Gas Chromatographic Quantitative Analysis of Methanol in Wine: Operative Conditions, Optimization and Calibration Model Choice

Abstract

The influence of the wine distillation process on methanol content has been determined by quantitative analysis using gas chromatographic flame ionization (GC-FID) detection. A comparative study between direct injection of diluted wine and injection of distilled wine was performed. The distillation process does not affect methanol quantification in wines in proportions higher than 10%. While quantification performed on distilled samples gives more reliable results, a screening method for wine injection after a 1:5 water dilution could be employed. The proposed technique was found to be a compromise between the time consuming distillation process and direct wine injection. In the studied calibration range, the stability of the volatile compounds in the reference solution is concentration-dependent. The stability is higher in the less concentrated reference solution. To shorten the operation time, a stronger temperature ramp and carrier flow rate was employed. With these conditions, helium consumption and column thermal stress were increased. However, detection limits, calibration limits, and analytical method performances are not affected substantially by changing from normal to forced GC conditions.

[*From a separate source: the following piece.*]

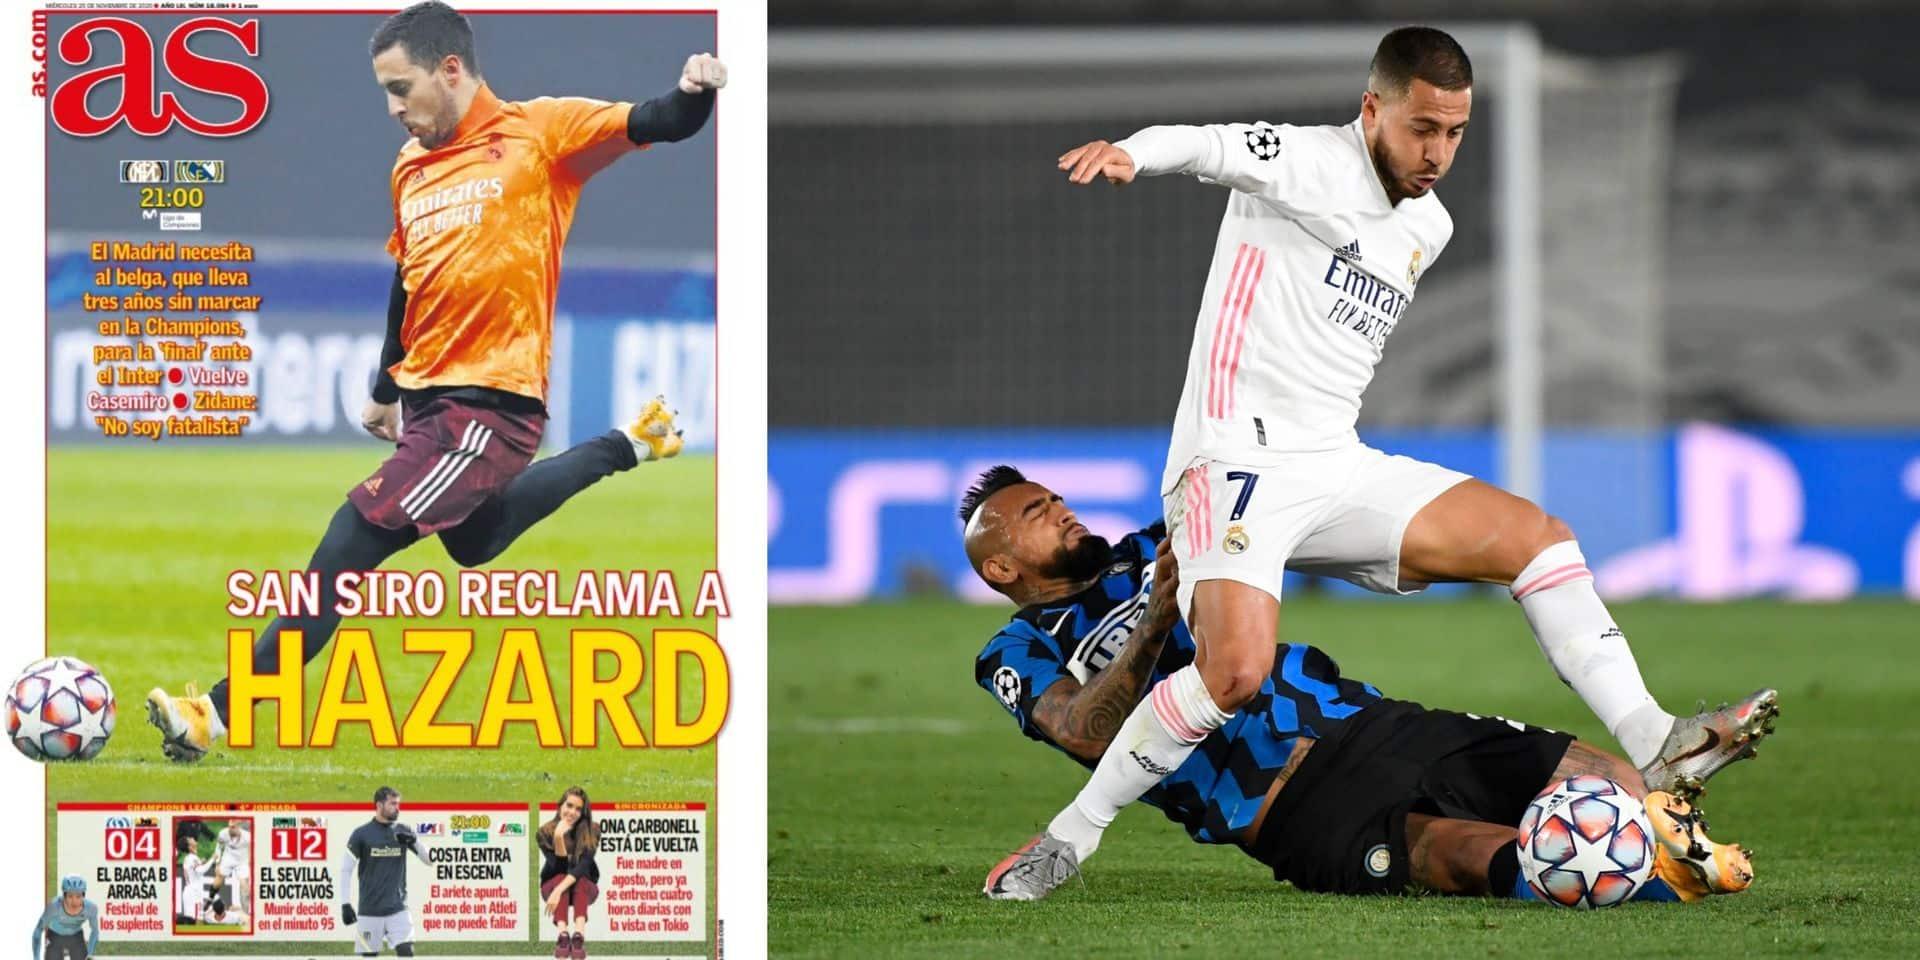 """La presse espagnole dédie sa Une à Eden avant le choc face à l'Inter: """"San Siro réclame Hazard"""""""

Statistical data evaluation were made using both ordinary (OLS) and bivariate least squares (BLS) calibration models. Further confirmation was obtained that limit of detection (LOD) values, calculated according to the 3σ approach, are lower than the respective Hubaux-Vos (H-V) calculation method. H-V LOD depends upon background noise, calibration parameters and the number of reference standard solutions employed in producing the calibration curve. These remarks are confirmed by both calibration models used.